J'étais surpris par cette question. Mon mutisme l'agaçait. De mon côté, j'avais des difficultés à la rejeter tout en lui montrant le contraire. Je ne la voulais pas dans mon monde. Cette vie était la mienne et non la nôtre. Malheureusement, malgré la mort de Gabriel, et tout ce qu'elle avait fait, je n'arrivais pas à créer la distance nécessaire pour qu'elle m'oublie.
-Il y a des choses que je ne peux pas te pardonner, osais-je.
-Ce n'est pas ce que je te demande.
-Pourquoi es-tu revenue ? me lamentais-je.
Son regard fut attiré par quelque chose ou par quelqu'un qui arrivait derrière moi. Un sourire narquois se dessina sur son joli visage. Elle me regarda furtivement puis observa de nouveau ce que je me décidais à découvrir. Alors, sans vraiment m'en rendre compte, je m'éloignais d'elle pour rejoindre l'archange Mickaël et ses anges. Ils étaient enfin descendus sur terre pour nous venir en aide, à Mona et à moi. Sentant sa maîtresse en danger, Hazel, l'ignoble djinn de la gardienne, apparut derrière elle. Il resta à l'écart attendant un signe pour intervenir. La main de l'archange se posa sur mon épaule. Elle se voulait rassurante mais je savais que Mickaël ne venait pas pour de simples familiarités. Accompagné de deux séraphins, il était simplement chargé de faire peur à la gardienne. Malheureusement, comme toujours, il sous estimait Mael. Ce n'était pas un archange et deux angelots qui allaient faire plier le roseau.
-Toujours en vie, déclara-t-elle sur un ton de défis.
Mickaël ne répondit rien.
-Je n'ai pas le souvenir de t'avoir coupé la langue.

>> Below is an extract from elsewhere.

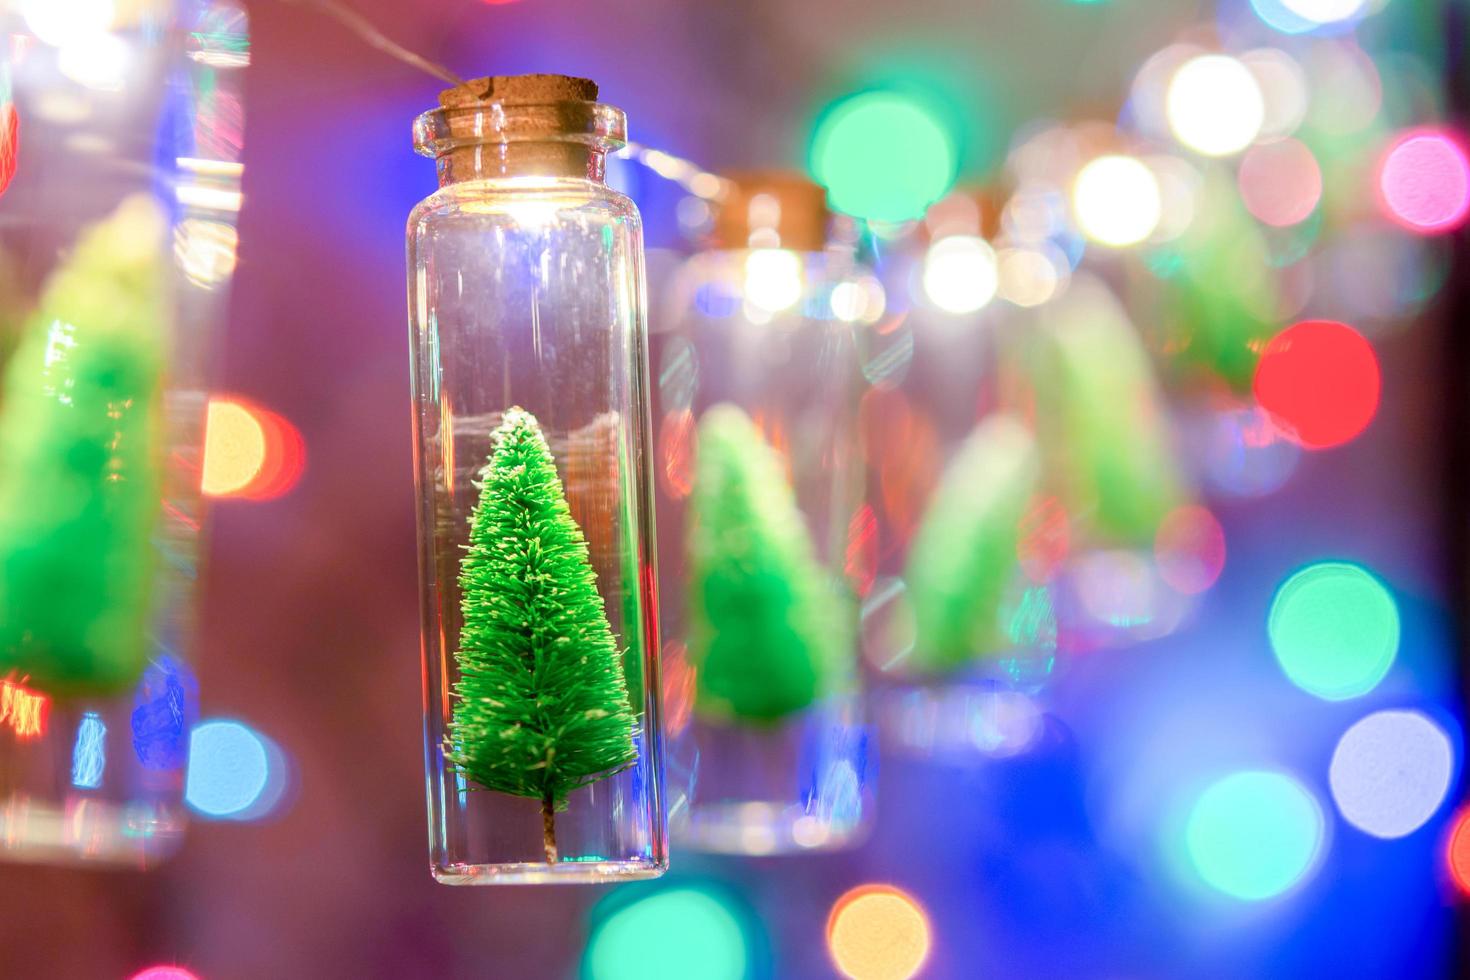 vrolijk kerstfeest en een gelukkig nieuwjaar. hangende kleine kerstboom in glazen pot op pijnboomtakken kerstboomslinger en ornamenten over abstracte bokeh foto

-Sortons d'ici, ordonna l’archange.
-Et tu crois que je vais t'écouter ? s'étonna Mael.
-Nous ne voulons pas de carnage.
-Et tu le laisses dire cela ! s’adressa-t-elle à moi.
-Sors aussi de la vie de Martin.
-Pourquoi ? Il est devenu ton protégé ? Il t'a soigné ? Dorloté ? Câliné pendant ta convalescence ?
-Tu ne changeras jamais, constata Mickaël.
-C'est exact ! Et j'ai même une surprise pour toi.
Un ange femelle, entièrement dénudé, aux ailes déployées apparut devant elle, lévitant à plusieurs mètres au dessus du sol. Son visage était caché par un masque. Aucun de nous ne pu affirmer qui elle était. Sur plusieurs endroits de son corps apparaissaient des traces de torture. Mickaël retint ses deux compagnons. Cette saloperie de djinn s'approcha de Mael.
-Tu n'as visiblement pas retenu la leçon, déclara Mickaël dont le ton devenait menaçant.
-Tout comme pour toi, je n'ai pas l'intention de tuer cette merde, ironisa-t-elle.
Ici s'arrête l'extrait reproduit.